Government rejects call for inquiry into PM's behaviour
LONDON (Reuters) - The government rejected opposition calls on Monday for an inquiry into allegations that Gordon Brown intimidated his staff, claims which have emerged just weeks before the prime minister faces an election.
Brown has dismissed as baseless and malicious allegations published in a Sunday newspaper that he had terrified staff by shouting abuse at them and in some cases had physically intimidated them.
The claims appeared in extracts from a book by a political journalist.
The head of a charity set up to counter workplace bullying said there had been "two or more" calls to its helpline from the prime minister's office but said she was not accusing Brown of being a bully. She did not say when the complaints were made.
The allegations have overshadowed a Labour poll recovery which has seen the ruling party, in power since 1997, narrow the gap on the Conservatives to six points -- a margin that could lead to a hung parliament in which no party has an absolute majority.
With an election to be held by June, the stories have inevitably sharpened the focus on Brown's character as a leader and provoked a political slanging match.
"They are very serious matters and I'm sure that Number 10 Downing Street and the civil service in some way will want to have some sort of inquiry to try and get to the bottom of what has happened here," opposition Conservative leader David Cameron told reporters.
GOVERNMENT RULES OUT INQUIRY
The prime minister's spokesman told reporters that he did not believe there was a culture of bullying or intimidation in Brown's office, denying there had been any formal complaints.
"We don't see any need to have an inquiry," he told reporters, adding that Cabinet Secretary Gus O'Donnell, Britain's most senior civil servant, shared his view.
Brown also denied he had been reprimanded over his behaviour towards staff.
"The cabinet secretary has made it clear that he's had no inquiries, there's been no reprimand, there's been no private message to me ... (The) story is completely wrong," he said in an interview with The Economist magazine published online.
Business Secretary Peter Mandelson said Brown appeared to be the victim of a political campaign.
"We've got a country to run, that's what's important to us.
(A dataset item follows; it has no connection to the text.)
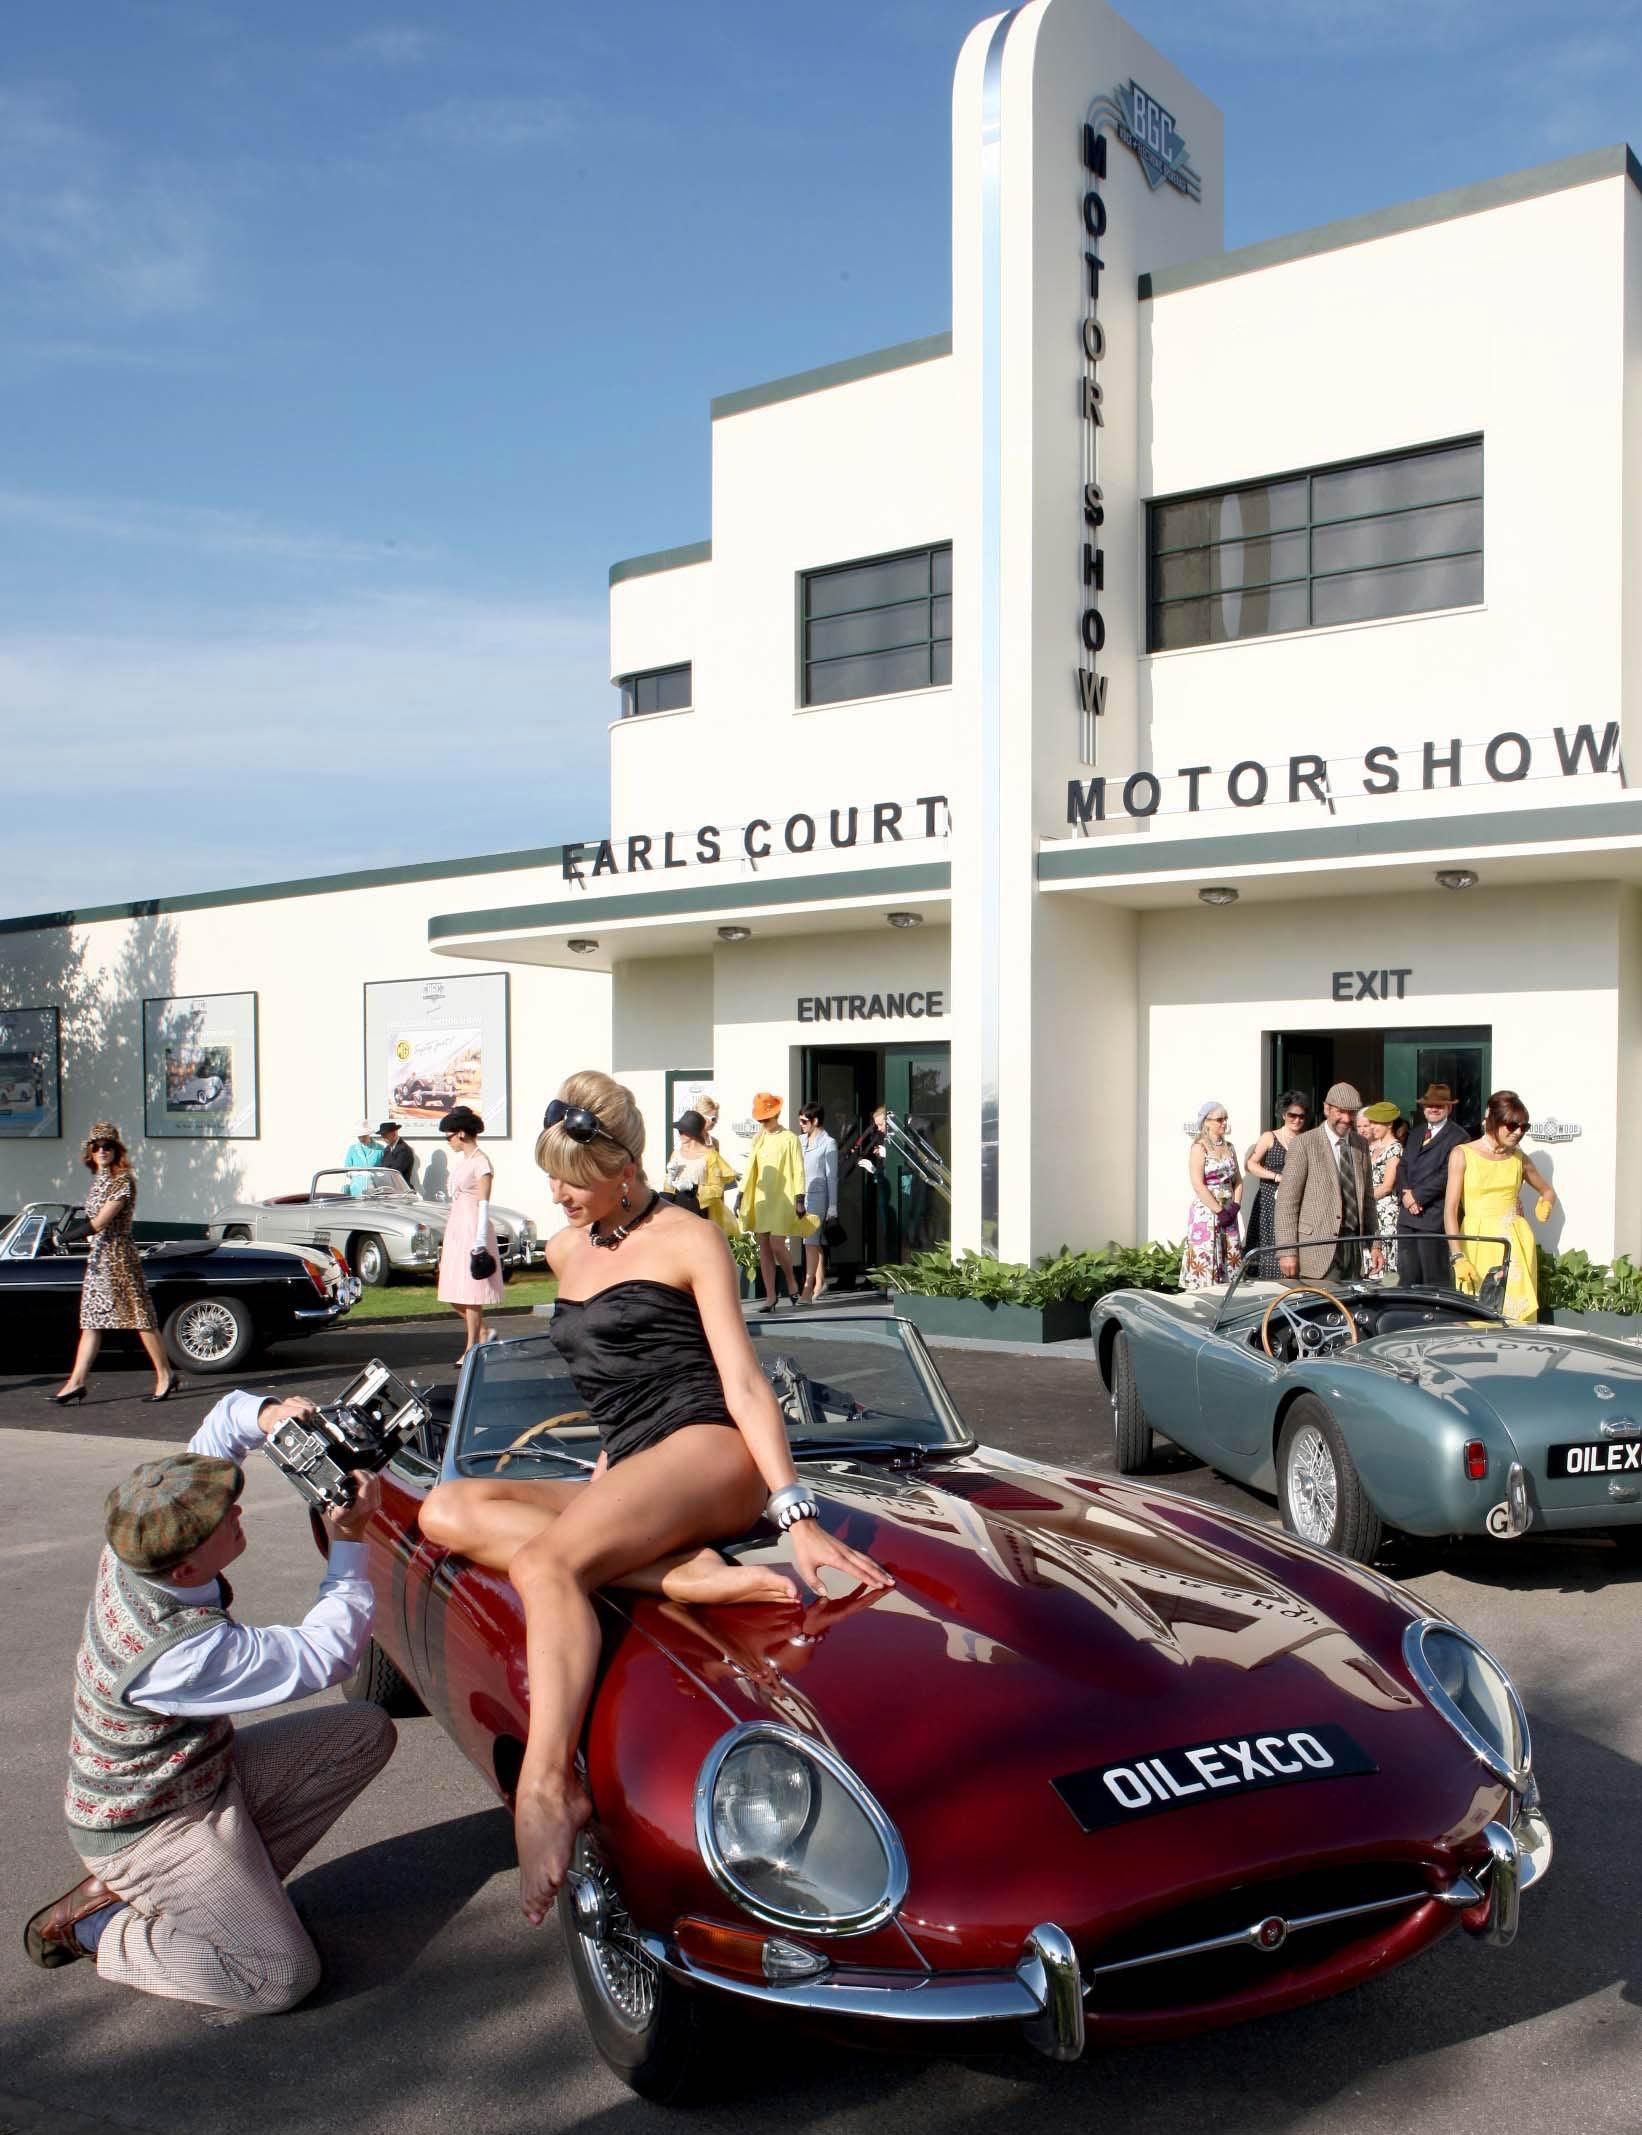 Goodwood Alternative Motor Show

Nobody bullies, nobody tolerates bullying in this government, in any part of this government, period, zero, and that's it, OK?," Mandelson told reporters at an investment conference in London.
Brown, 59, replaced Tony Blair in mid-term in 2007 after serving as his finance minister for a decade. Brown is often portrayed as intense and brooding. Critics, some within his own party, say he is an electoral liability.
Brown must call an election by June, with May 6 seen as the likely poll date.